Property tax to go up 3.75%
Toronto city councillors have been presented with a proposed operating budget this year of $8.2 billion — to be precise, $8,186,920,000 — a figure that will require homeowners to fork over an extra 3.75 per cent on their property tax bill.
The trade-off is a modest package of new services, led by improvements to public transit.
On the average home assessed at $365,468, the hike will add about $81 to the tax bill. Most of that will cover inflation in the cost of wages and supplies, but about 1 percentage point of the increase will fund $12 million in new "strategic investments," chief financial officer Joe Pennachetti said yesterday.

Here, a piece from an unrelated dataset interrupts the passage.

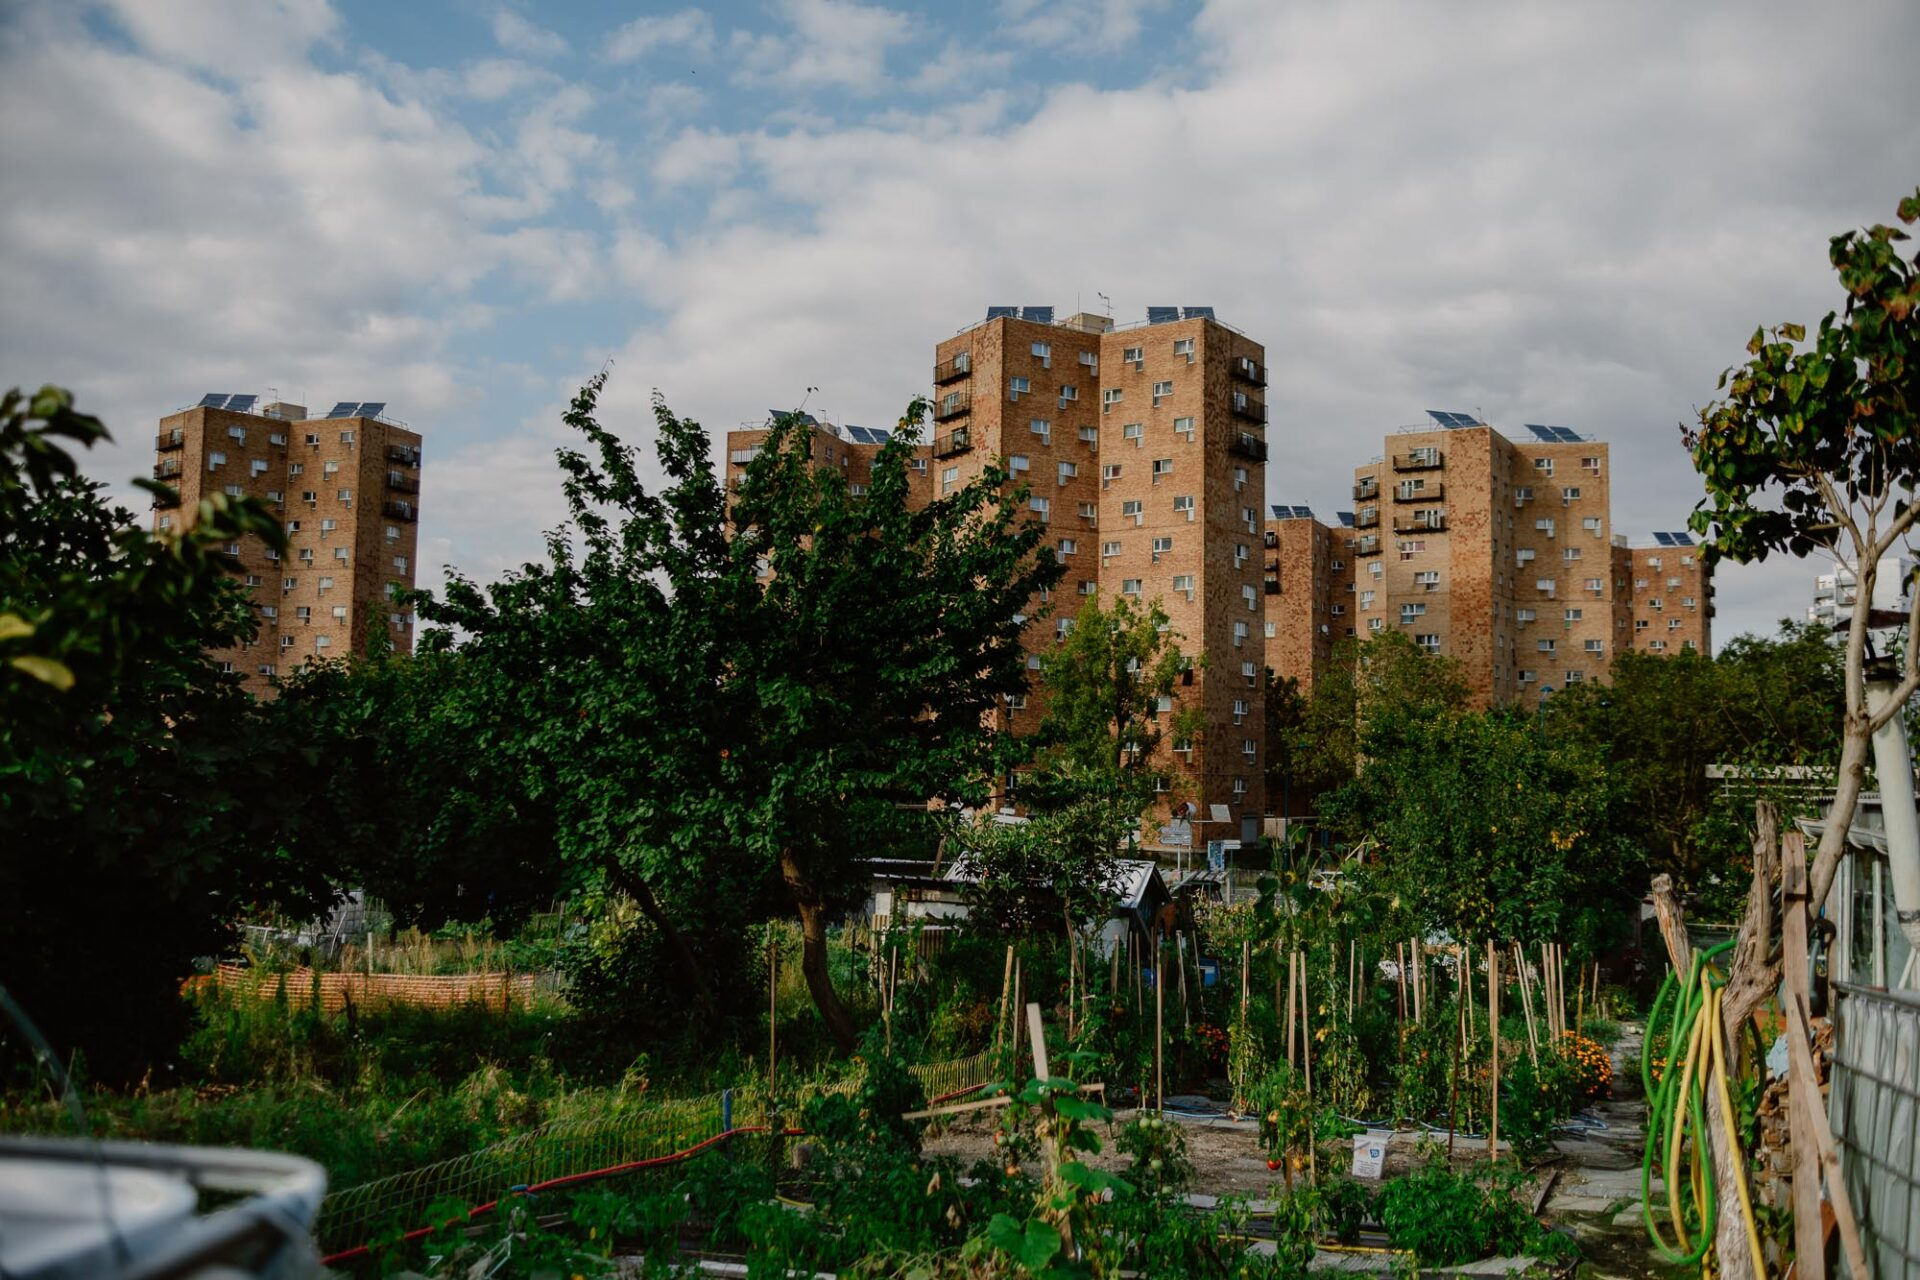 Jardins ouvriers aubervilliers 9 - Dagmara Bojenko - Eco-conscious Weddings, Births & Families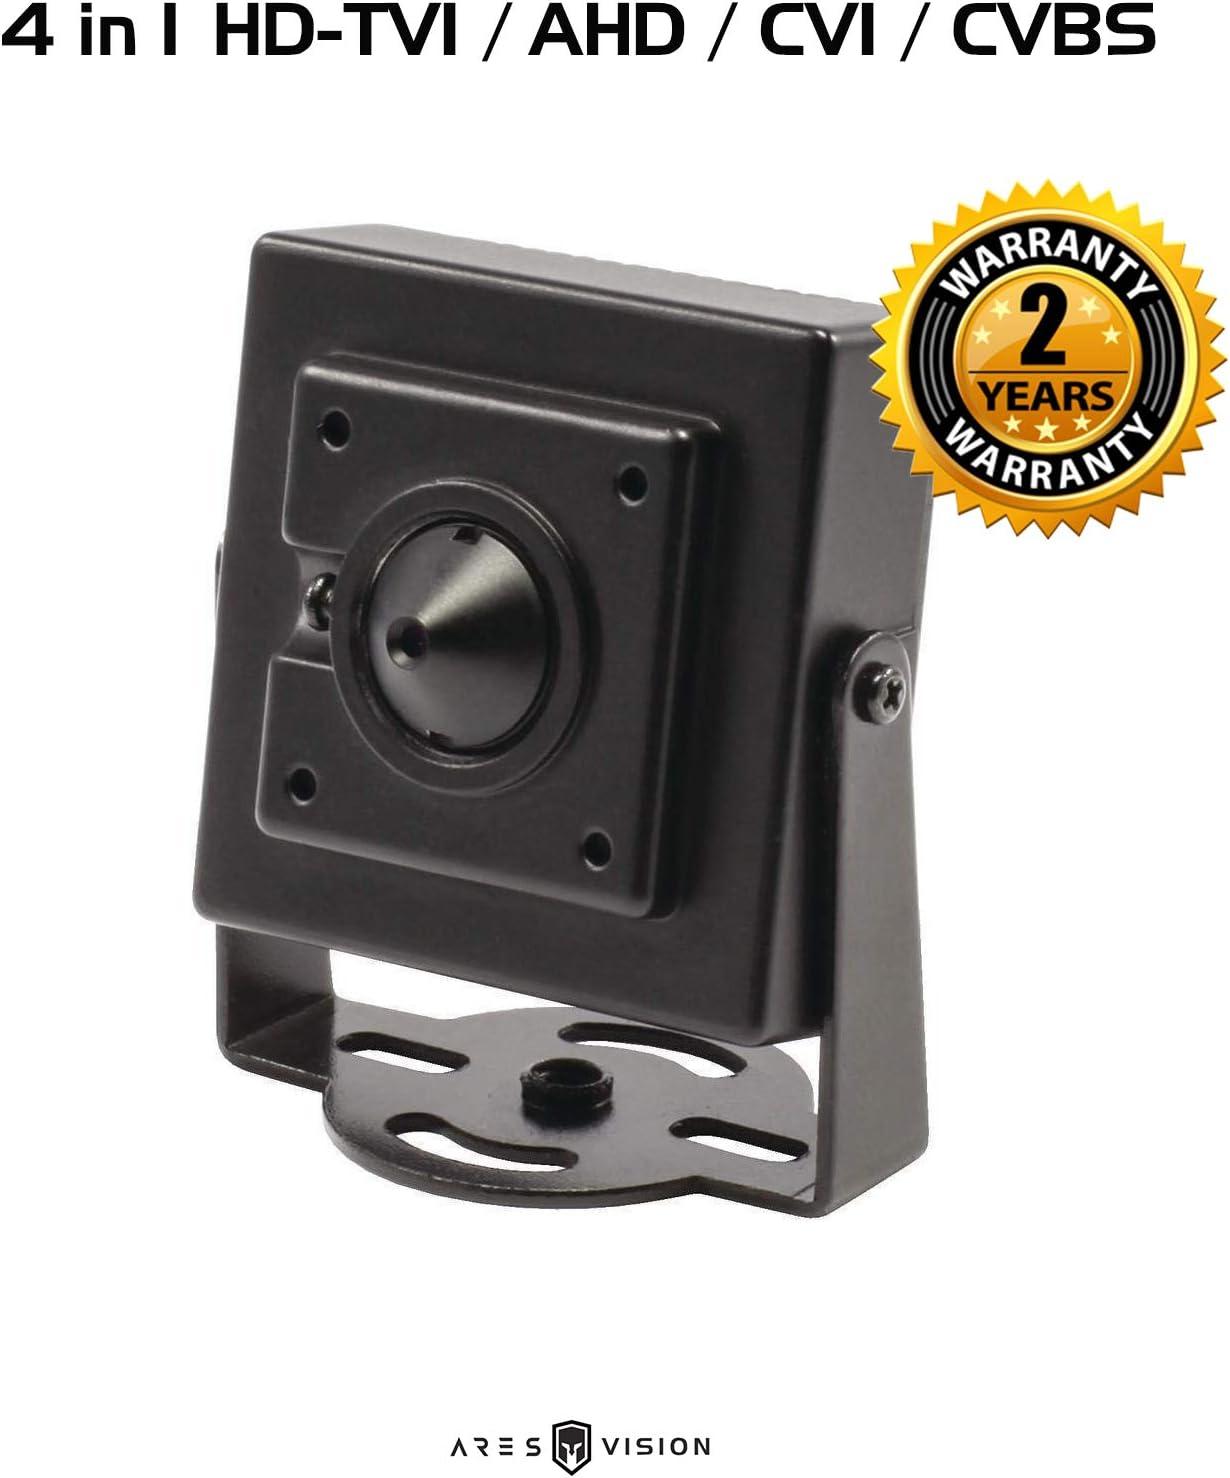 AHD Analog Spy Pinhole  5.0MP 1080p HD  3.7mm  Camera CCTV HD-TVI,CVI

That includes expanding the hours of city bus routes; upgrading, cleaning and painting subway stations; and measures to reduce TTC job injuries and absenteeism.
The package, described by budget chair Shelley Carroll as "ridiculously modest," also includes $1.3 million for grants to community organizations in low-income neighbourhoods, $800,000 to open new waterfront parks and $705,000 to remove tree hazards in the parks.
But the bulk of the property tax will help pay the rising costs of existing services in the budget, which is up from $7.8 billion last year.
Commercial property owners can expect a 1.25 per cent property tax hike. When combined, the increases will generate $75 million.
The city has earmarked $120 million to cover known wage hikes in 2008, but it doesn’t include the cost of new contracts being negotiated this year by police and transit workers. Contracts covering other city workers don’t expire until Dec. 31.
Pennachetti said, without revealing the amounts, the city has pencilled in money to cover police and transit settlements.
Mayor David Miller insisted the proposed budget meets his campaign commitment that taxes would increase only in line with the rate of inflation.
- The Canadian Taxpayers Federation said the tax hike is much higher than inflation, which Statistics Canada says is running at 2.4 per cent.